I made an offer that was a little below asking price. The seller countered. I raised my offer by about $10,000. I remember I was about to get on the subway when I got the broker’s voicemail telling me my offer had been accepted. I panicked, walked out of the station, and did at least 20 laps around the block before I called back.

The author’s “Santa Fe-vibe” kitchen, which she eventually remodeled.

FROM MAKING THE OFFER TO GETTING THE KEYS

Thankfully, there are a lot of steps to be completed between having an offer accepted and getting the keys to an apartment, because I needed that time to settle into the reality that I was about to become a homeowner — and decimate my savings.

First, an attorney had to look at the contract I was supposed to sign saying that if I got a mortgage, I’d be buying the apartment. When I went to his office to sign it, I also had to leave a deposit of 10 percent of the sale price. “I bet that’s the biggest check you’ve ever written,” the attorney joked when I handed it to him. It was.

For the next four months, it felt like I never put my checkbook away. Closing costs, in New York at least, are expensive. The buyer pays for everything from bank fees to the cost of a “transfer agent” who moves the apartment deed from the seller’s bank to the buyer’s — all of which adds a couple thousand dollars, minimum, onto the sale price. Thankfully, I was able to get a relatively low interest rate on my 30-year mortgage, about 3.5 percent, which thrilled me.

I was buying an apartment in a co-op, which meant that technically I wasn’t paying for my physical property — I was buying shares into the corporation that owned the building. That meant there was one more hurdle before the apartment would be mine: I had to be approved by the co-op board. To help them feel comfortable that their new neighbor isn’t going to default on the mortgage or co-op fees, co-op boards usually require as much information about a buyer’s financial history as banks do, if not more. I also had to submit three letters of recommendation and do an in-person interview.

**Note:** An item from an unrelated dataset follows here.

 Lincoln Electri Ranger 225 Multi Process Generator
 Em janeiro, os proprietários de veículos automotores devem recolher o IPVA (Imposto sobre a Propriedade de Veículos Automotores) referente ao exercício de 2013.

During that meeting I realized just what it meant to be part of a co-op: You basically have no privacy from your fellow shareholders. For instance, one of the board members asked if I was planning to do any renovations. “I’m thinking about re-doing the kitchen at some point,” I said.

“Why?” another board member asked. “I’ve been in your kitchen. It’s nice.”

Luckily, the board approved me, which meant the only part of the process left was the official closing: sitting in a conference room, signing a pile of papers. There were about 10 men there with me, most of whom I’d never met. At this point, I didn’t care who they were — all I was interested in was seeing the stack of forms in front of me get smaller as I signed on every dotted line they put in front of me.

Then, finally, a year after I had started the house hunt, I had the keys to my very own place. I used them for the first time the night of the closing. I walked into my new home, sat on the floor, opened the bottle of Champagne I’d brought with me, and drank it straight from the bottle.